Dès le début de la thérapie, le psychopraticien certifié doit attirer l’attention de son client sur ses droits et souligner les points suivants : – type de méthode employé (s’il le juge approprié à la situation du client). Il précise les conditions de travail (y compris les conditions d’annulation ou d’arrêt), – durée présumée du traitement, – conditions financières (honoraires, prises en charge, règlement des séances manquées), – secret professionnel, – possibilité de recours en cas de litige. Le patient/client doit pouvoir décider lui-même si et avec qui il veut entreprendre un traitement (libre choix du thérapeute). Le psychopraticien certifié est dans l’obligation d’assumer ses responsabilités compte tenu des conditions particulières de confiance et de dépendance qui caractérisent la relation thérapeutique. Il y a abus de cette relation à partir du moment où le psychopraticien certifié manque à son devoir et à sa responsabilité envers son patient/client pour satisfaire son intérêt personnel (par exemple, sur le plan sexuel, émotionnel, social ou économique). Toute forme d’abus représente une infraction aux directives déontologiques spécifiques concernant la profession de psychopraticien certifié. L’entière responsabilité des abus incombe au psychopraticien certifié. Tout agissement irresponsable dans le cadre de la relation de confiance et de dépendance créée par la psychothérapie constitue une grave faute professionnelle.

5 • Obligation de fournir des informations exactes et objectives

Les informations fournies au patient-client concernant les conditions dans lesquelles se déroule le traitement doivent être exactes, objectives et reposer sur des faits. Toute publicité mensongère est interdite. Exemples : – promesses irréalistes de guérison, – référence à de nombreuses approches thérapeutiques différentes, ce qui laisserait supposer une formation plus étendue qu’elle ne l’est en réalité, – formations entamées et non terminées.

6 • Relations professionnelles avec les collègues

Si nécessaire, le psychopraticien certifié doit travailler de manière interdisciplinaire avec des représentants d’autres sciences, dans l’intérêt du patient/client.

 7 • Principes déontologiques concernant la formation

Ces principes déontologiques s’appliquent également, par analogie, aux rapports entre formateurs et élèves.

8 • Contribution à la Santé publique

La responsabilité des psychopraticiens certifiés au niveau de la société exige qu’ils travaillent à contribuer au maintien et à l’établissement de conditions de vie susceptibles de promouvoir, sauvegarder et rétablir la santé psychique, la maturation et l’épanouissement de l’être humain.

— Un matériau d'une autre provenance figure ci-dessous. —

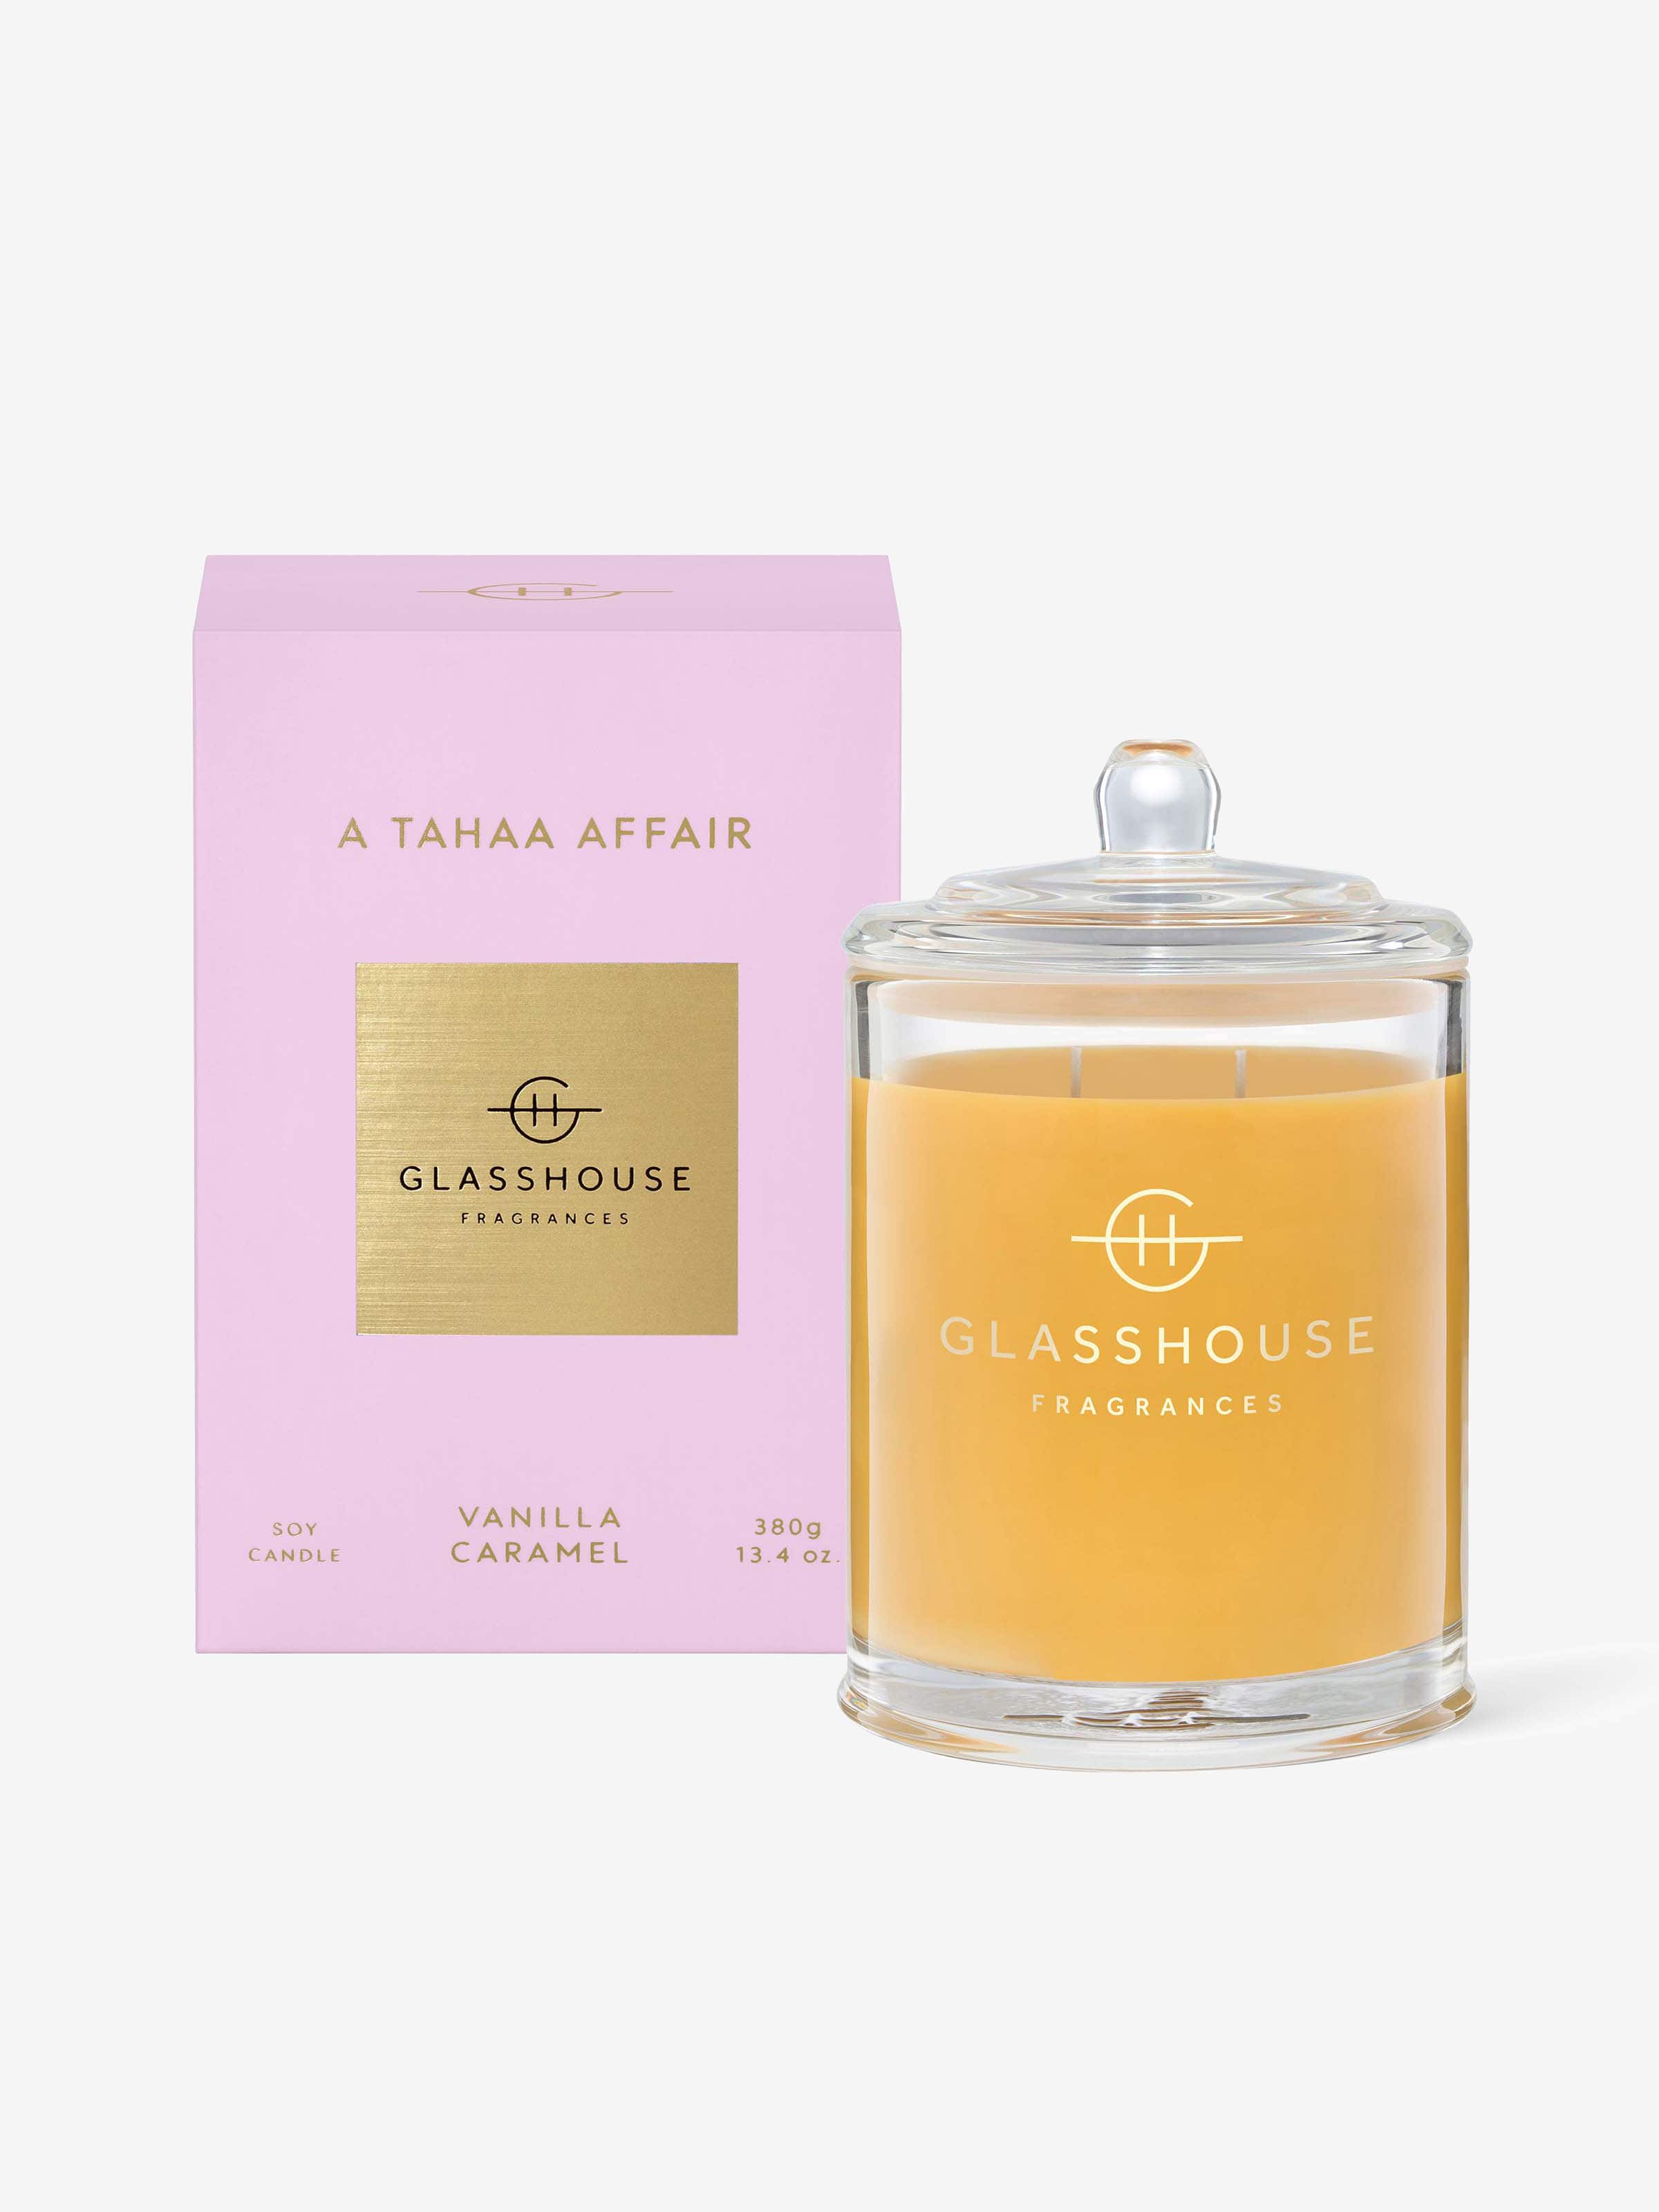 Glasshouse Fragrances Soy Candle 380G Tahaa Affair - Peter Alexander Online

9 • Recherche en psychothérapie

Afin de promouvoir l’évolution scientifique de la psychothérapie et l’étude de ses effets, le psychopraticien certifié doit, dans la mesure du possible, collaborer à des travaux de recherche entrepris dans ce sens. Les principes déontologiques définis plus haut doivent également être respectés à l’occasion de ces travaux de recherche et lors de leur publication. Les intérêts du patient/client restent prioritaires.

10 • Infractions aux règles de déontologie

Les sociétés nationales sont dans l’obligation de créer des instances de recours et d’arbitrage en cas de litige.

11 • Obligations des organismes nationaux de l’EAP

Les organismes nationaux doivent exiger que leurs membres praticiens établissent des règles déontologiques compatibles avec les principes du code de déontologie de l’EAP.